Clearly with per-priority TCP connections there's no need for explicit
priority labels.  The reason for wanting multiple flows is to avoid
the situation where bulk transfers block the smaller requests (and
responses) needed for applications to remain responsive to user input.
 The moment different QoS traffic is multiplexed over one TCP
connection we need either nested flow control (bad!) or other
cooperation between the sender and receiver (hop-by-hop too) to ensure
timely delivery of non-bulk, high-priority requests.

> So you're effectively creating several streams, each with all requests having the same priority. The server will then try to be fair to all connections, effectively giving the same performance to high-priority and low-priority requests.
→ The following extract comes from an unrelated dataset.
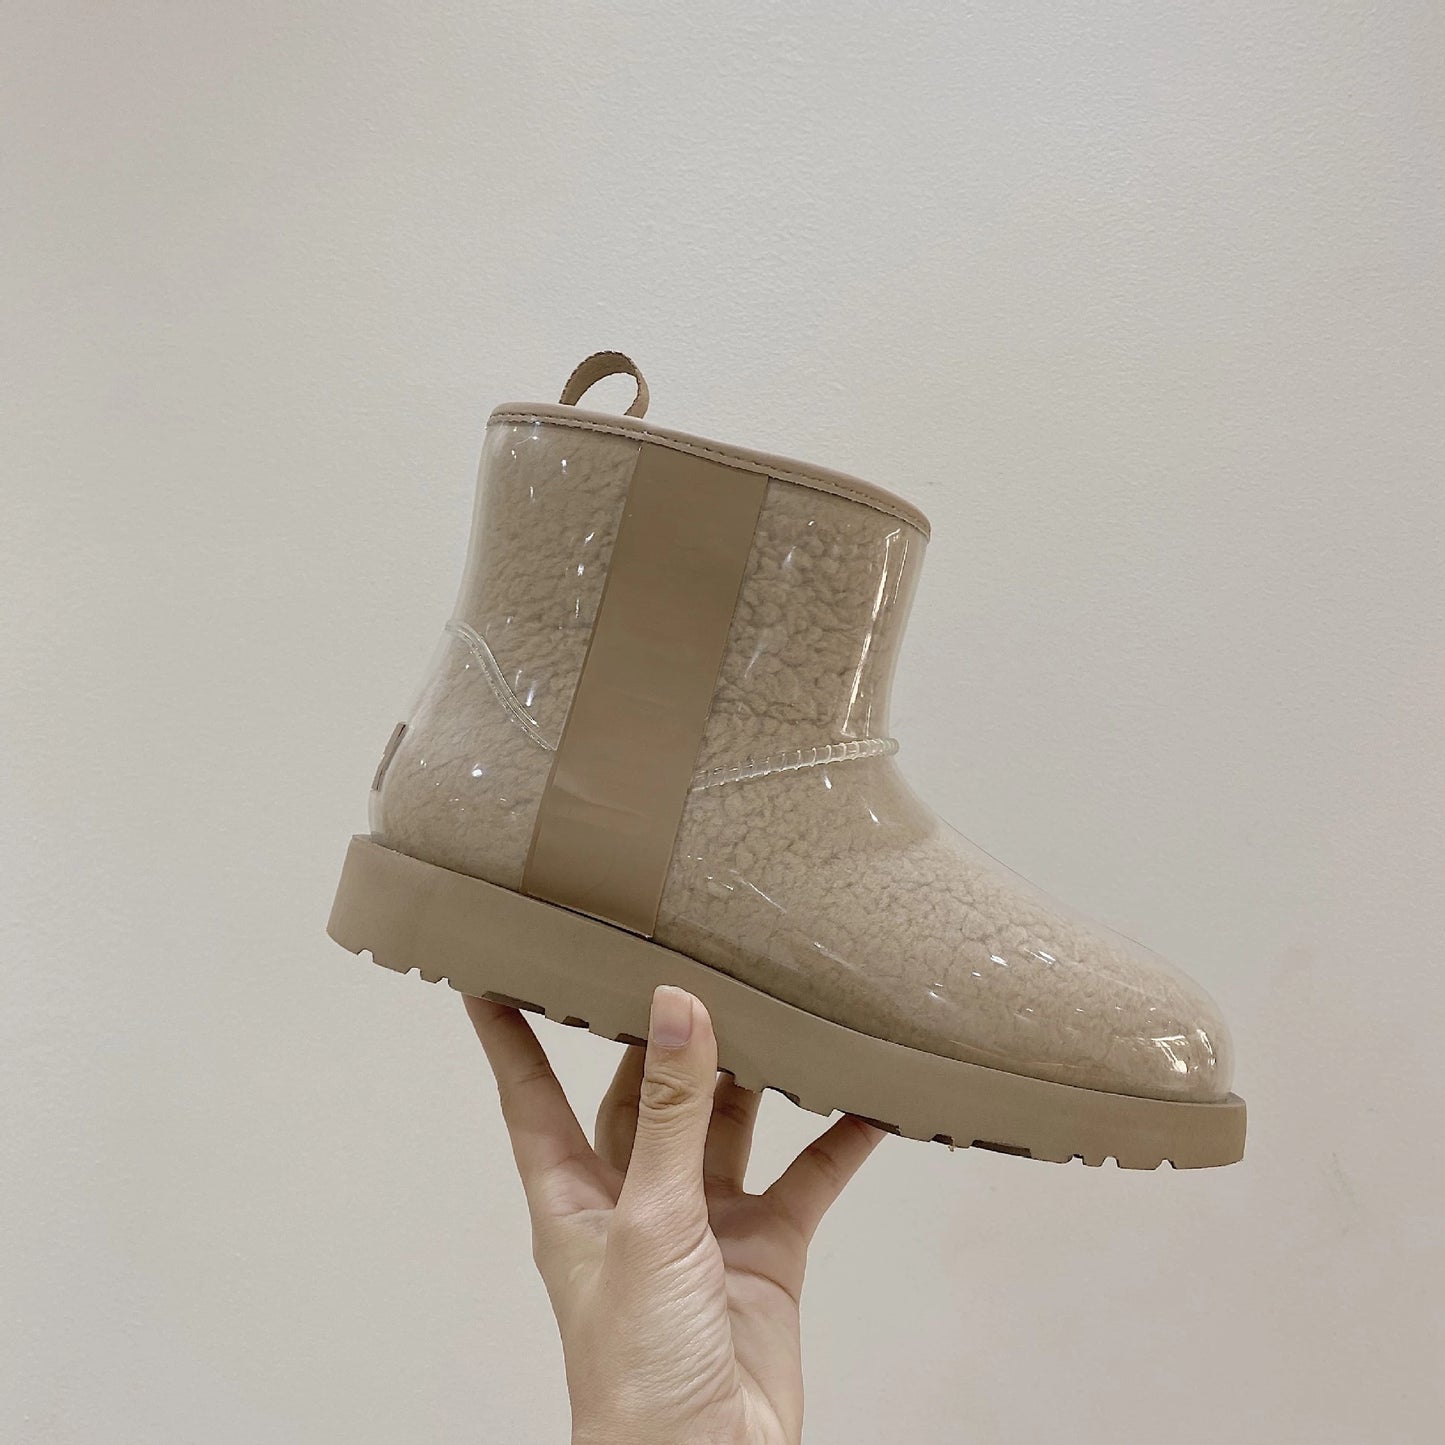 Womens Exclusive Brilliant Style Waterproof Winter Boots

Not necessarily.  First, the small requests can get through even
though the TCP connection for bulk transfers is full enough that it'd
take much longer for the small requests to get through (possibly
because of I/O problems with bulk sinks/sources on the server side
causing flow control to kick in).  Second, the server can probably
apply application-specific [possibly heuristic] rules to prioritize
processing of some requests over others regardless of which TCP
connections they arrived over.

I'm not advocating per-priority TCP connections.  I'm specifically
arguing against SSHv2-style per-channel flow control -- a performance
disaster -- and offering and supporting alternartives.